RTC@Scale was Facebook’s virtual WebRTC event, covering current and future topics. Here’s the summary so you can pick and choose the relevant ones for you.
WebRTC Insights is a subscription service I have been running with Philipp Hancke for over a year now. The purpose of it is to make it easier for developers to get a grip of WebRTC and all of the changes happening in the code and browsers - to keep you up to date so you can focus on what you need to do best - build awesome applications.
We got into a kind of a flow:
Once every two weeks we finalize and publish a newsletter issue
Once a month we record a video summarizing libwebrtc release notes
It is fun to do and the feedback we’re getting is positive.
That said, being us, means that we can’t really sit still… or in this case - Philipp…
We published this on Monday the week after the event took place to our WebRTC Insights clients, and now, we’re opening it up for everyone as well.
Philipp decided it would make sense to summarize the recent RTC@Scale “recruiting event” that Facebook did - the RSVP was explicitly asking for consent to be contacted.
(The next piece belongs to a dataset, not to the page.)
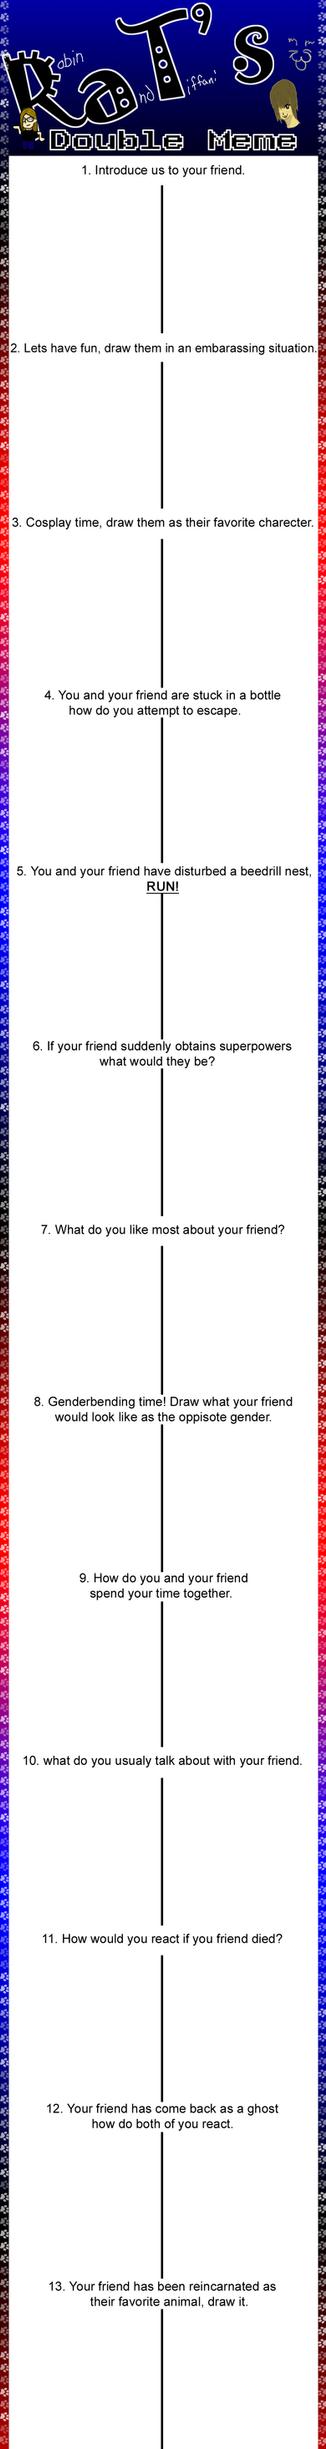 RaT's Double Friend Meme by Incognito-77

The technical depth of the talks was amazing so we’ve added an “out of order” issue for you, just for this 😎
The intent is for you to *not* spend 5 hours but rather to focus on the select sessions that are relevant for you.
The event setup was simple:
All sessions were pre-recorded and simply played back at the time of the events
If you want to watch the full 5 hours, you can use this link
KEYNOTE, PANEL AND WRAP-UP
Real-time Communication for Today and Future Experiences / Maher Saba @ Meta
Product-focused, make your product managers watch
Now this is a good recruiting pitch with all the fancy things you could work on!
One wonders if you will get interviewed on a VR whiteboard when applying…
Panel: RTC in the Metaverse / Sriram Srinivasan, Mike Arcuri, Paul Boustead, and Cullen Jennings
Product-oriented, a lot of talking. Watch with a glass of wine
40 minutes felt too long
The question everyone avoids is “what is Fortnite doing?”
SESSION 1: FUTURE RTC EXPERIENCES
These sessions focus on roadmap and far future views. We’d rather have a bit more on the here and now and the immediate future requirements than what would happen in 3, 5 or 10 years time, but hey - they are recruiting ;-)
Holographic Video Calling / Nitin Garg @ Meta
What will the technology stack for holographic video calling look like?
This is 5+ years into the future?
Encoding a single frame takes 30s currently (on i7 laptop)
It needs to be ~3ms to be really interesting
Comments on BWE, delay, rate control and FEC are relevant today
“Typical” behavior of BWE @ 2930s looks far too unstable
Holographic video calling is a nice topic, but niche at the moment. There are a lot more pressing aspects of scale that needs to be dealt with first
Spatial Communications at Scale in Virtual Environments / Paul Boustead @ Dolby
Spatial audio in virtual worlds
Experience of rotating your head is important
Render loudest 3 streams is what WebRTC does by default
P2P vs forward vs mixing
Server side mixing with HRTF (Head Related Transfer Function) vs multichannel spatial codec
The bigger the group, the more sense it would make to switch to spatial mixing of audio (assuming you’re into spatial audio)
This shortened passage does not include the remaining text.